Not surprisingly, Huszar and Farina both took exception to Garfield’s pronouncement.
“The weird thing is the streaming audience has grown 75% in the last year at Corus stations. Our hours of tuning toward streaming devices are the same as to our over-the-air signal monthly,” Huszar said, with a hint of sarcasm. “So, f-cked or not, it seems to be working for some odd reason so far.”
He added that the success of radio over mobile will depend on how compelling the content is.
“Whether it’s five stations or 25,000 stations we’re competing with, it really comes down to who’s doing the best job”, Huszar said. “It really comes down to a personal relationship (with listeners)”.
Astral’s Farina pointed out the radio industry as a whole achieved between 20 to 25% profit margin on average during the worst recession in recent memory. During good economic times, those profit margins are usually 30 to 40%, he noted.
“Meanwhile, companies like (Internet radio site) Last.fm are bleeding through cash like crazy,” Farina said. “Yes, they have a great offering, but they haven’t figured out how to make people want to pay for that offering.”
Both Last.fm and Pandora have used subscriber models to limited success, Farina added.
“When you look at Pandora’s overall sales, less than 1% of their revenue comes from the subscriber model. And I think asking people to pay $1.99 a month if they exceed 30 hours of music a month isn’t a big ask, and they’re not able to do that,” Farina said.
“So, I don’t think we’re f-cked,” Farina continued. “I do think we have great challenges and opportunities ahead of us. And, I think it’s incumbent to everybody in this industry to navigate and charter our way through these very uncertain seas.”
Joking that author Garfield would be handing out cyanide pills at the end of the panel discussion for those who wanted them, Hipcricket co-founder and CEO Ivan Braiker said he believes that mobile represents a huge opportunity for terrestrial radio companies. Hipcricket is a mobile marketing company based in Kirkland, Wash.
Braiker said that radio stations can use the mobile platform to be “hyperlocal”.
“You have the ability to let people know when things are going on at your radio station, and to have a contest tool”, he explained. “That mobile phone is always within three feet of them. Take it for what it is and use it as a tool to get your story out to the people you can engage in your tribe. Mobile is a huge device and a hugely helpful instrument.”
Deborah Esayian, founder and co-president of Emmis Interactive, a media consulting company based in Burbank, Calif., said while there is no doubt that people will consume things over mobile platforms, there are challenges associated with making money from a mobile radio business model.

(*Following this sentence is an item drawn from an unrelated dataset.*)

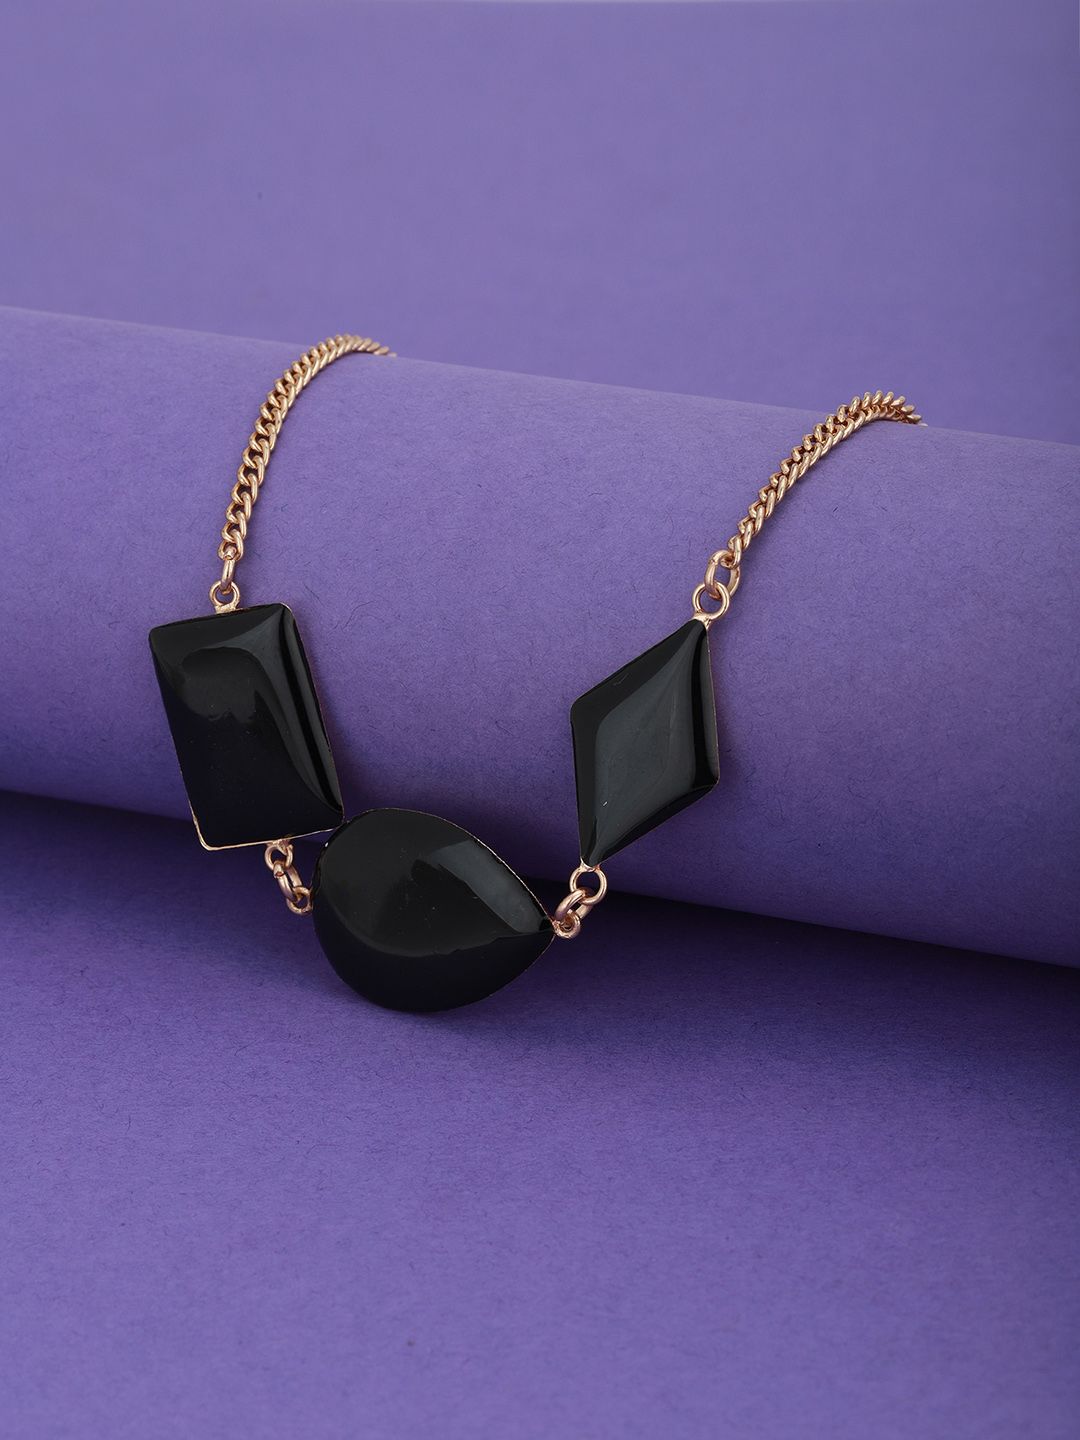 Carlton London Black Gold-Plated Enamelled Necklace Price in India

“We are experimenting just now about how to monetize it, learning what advertising campaigns respond well to mobile and which ones don’t,” Esayian said.

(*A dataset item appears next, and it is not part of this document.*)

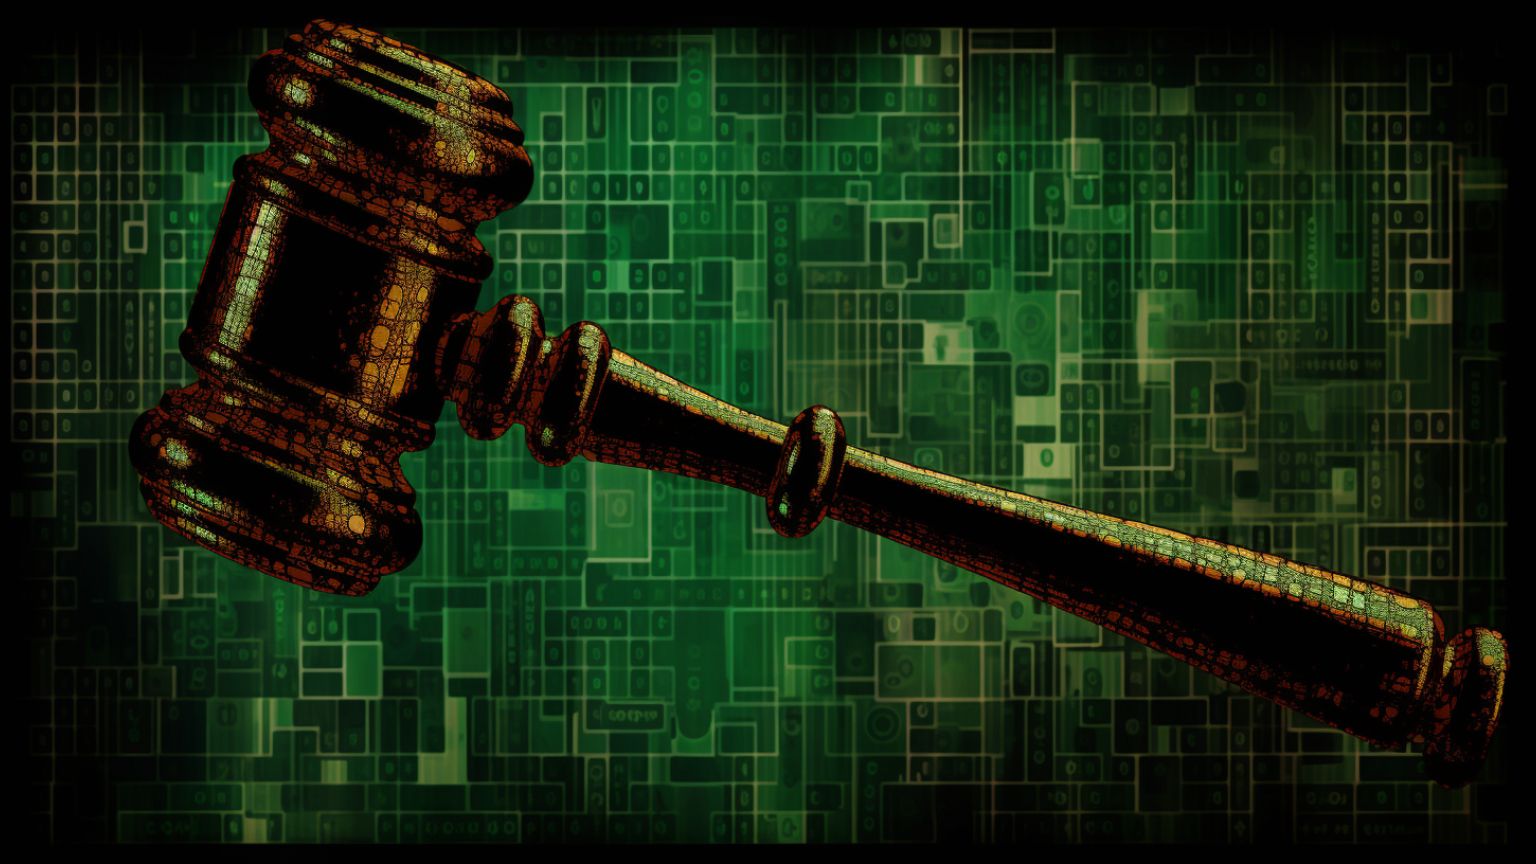 Fifth Circuit Expands Injunction Against Government Online Censorship To Include CISA

She said that one of her main concerns on the technology side is the ability to capture mobile consumer data and to mine it in a meaningful way.
“There are challenges in mobile in that we have a name or a phone number, but we have to be able to link all that together and then be able to attach habits and practices to that data in the back-end,” Esayian added.
At the end of the discussion, given the last word, Garfield said that he wanted to say something positive.
“The next five years are going to create the greatest radio and the greatest music, and the greatest proliferation of both, that has ever been broadcast or sent down the line in all of human history,” Garfield said. “It’s going to be fantastic. I am very excited about the content that’s being produced all over this great world of ours. It’s just not going to make a whole lot of people a living.”